While some of these issues can be chalked up to different judges' personalities, not all differences are because of that. Local rules often dictate how evidence is allowed in and what evidence will be heard and what time frames things will be done in.

As a Boise divorce attorney I would say it is not necessarily that one county is better than another, but there are differences that effect the outcome of a divorce in Boise vs the outcome of a divorce in Canyon County.

For more information on divorce in Idaho visit www.lawboiseid.com or www.divorceboiseid.com

Monday, November 1, 2010

Idaho Criminal Attorney - DUI Challenges - Breathalyzer Accuracy

According to David J. Hanson, Ph.D, 23% of those people who take a breathalyzer test end up with inaccurate results. Not only are the test results inaccurate but the Blood Alcohol Concentration register about 15% higher than they actually are.

What does this mean for someone charged with a DUI? As an Idaho Criminal Attorney I can tell you it can mean a huge difference. If you are at that fine line just below or just above legally drunk (BAC of .08 or greater) it can mean the difference between a DUI and a inattentive or reckless driving charge. If you are at that line between an excessive DUI (BAC of .20 or higher) and a standard DUI it can make the difference between prison and jail, not to mention much longer license suspensions and greater fine amount.

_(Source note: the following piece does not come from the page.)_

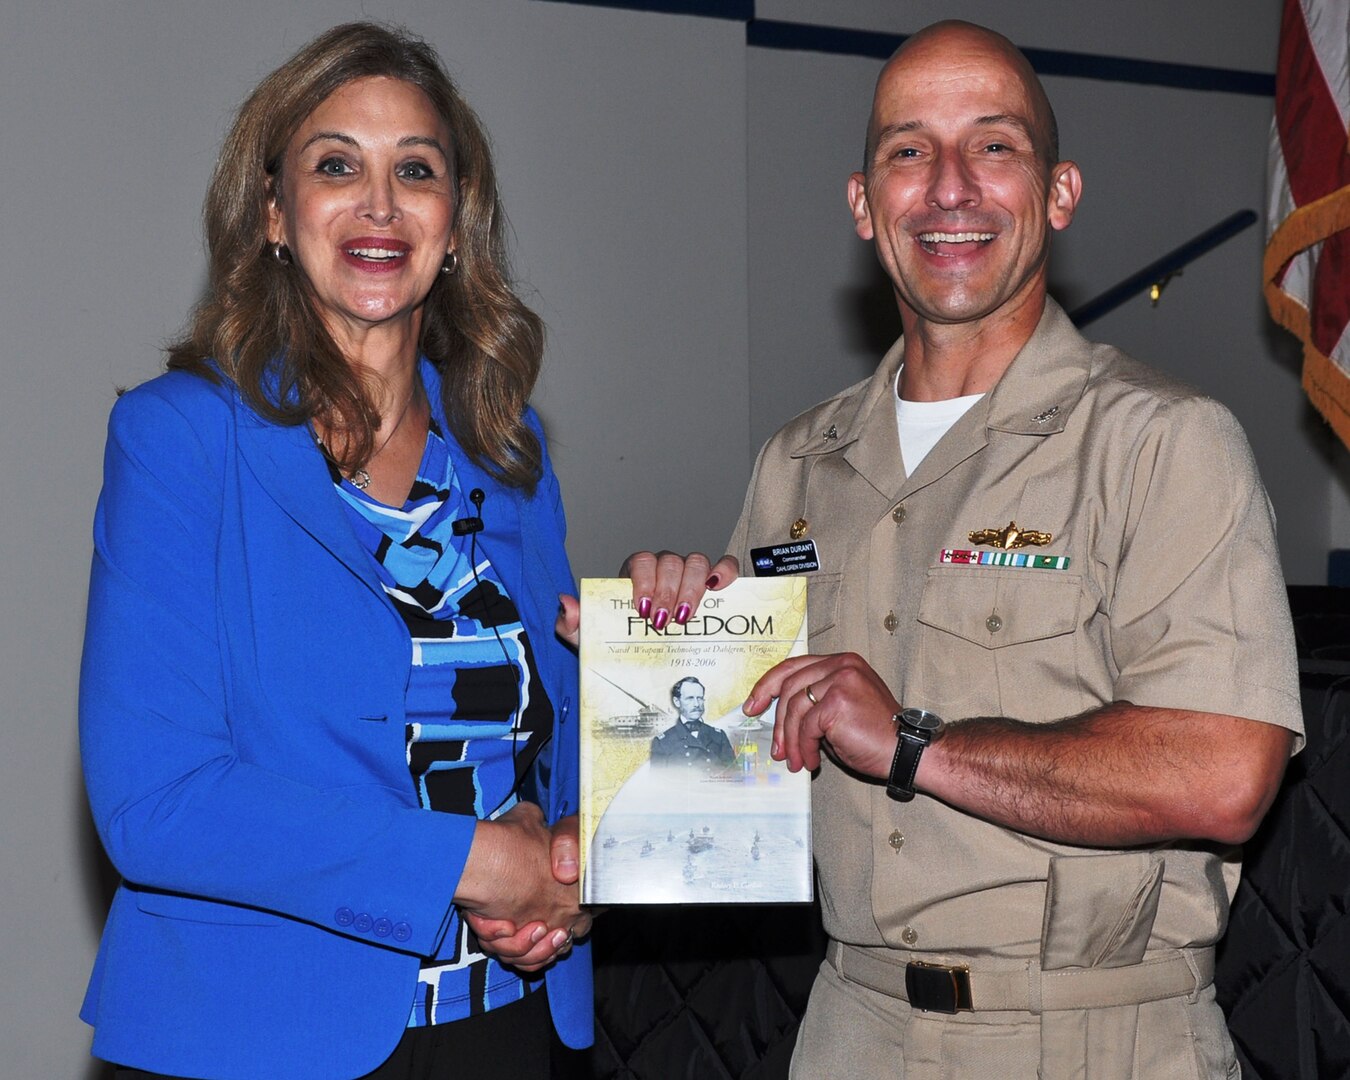 Capt. Brian Durant, right, commander of the Naval Surface Warfare Center Dahlgren Division (NSWCDD), presents "The Sound of Freedom" to Amanda Simpson, left, executive director of the Army Office of Energy Initiatives, after her presentation at the LGBT Pride Month Observance at Naval Support Facility (NSF) Dahlgren on July 24.

So how do you challenge a breathalyzer? There are many arguments that can be made depending upon the evidence in the possession of the police and the prosecutor. Some challenges require an expert. The example I gave above about inaccurate results would require an expert to testify about the validity of breathalyzer results. Some examples of successful challenges of the evidence that I have made as an Idaho Criminal Attorney challenging DUI charges against my clients are:
- The breathalyzer was not properly maintained; failure to calibrate or clean
- The police administered the test incorrectly; failure to warm up machine
- The officer was improperly trained or qualified
- The result was affected by a characteristic of the driver such as asthma,
burping, hyperventilation
- The test was administered after the driver used mouthwash, a strong breath mint or used lip balm or oil
- The driver was in the presence of paint, gasoline, varnish or other strong fumes

This evidence won't necessarily relieve you of your DUI charge or subsequent conviction. This is because the police use more evidence than just the breathalyzer to evaluate whether you have been driving under the influence. Field sobriety tests, for example, are supposed to be the criteria which the police use to determine if they need to administer a breathalyzer test. These types of challenges, however, can be useful in lessening the extent of the penalty and potentially the charge against you.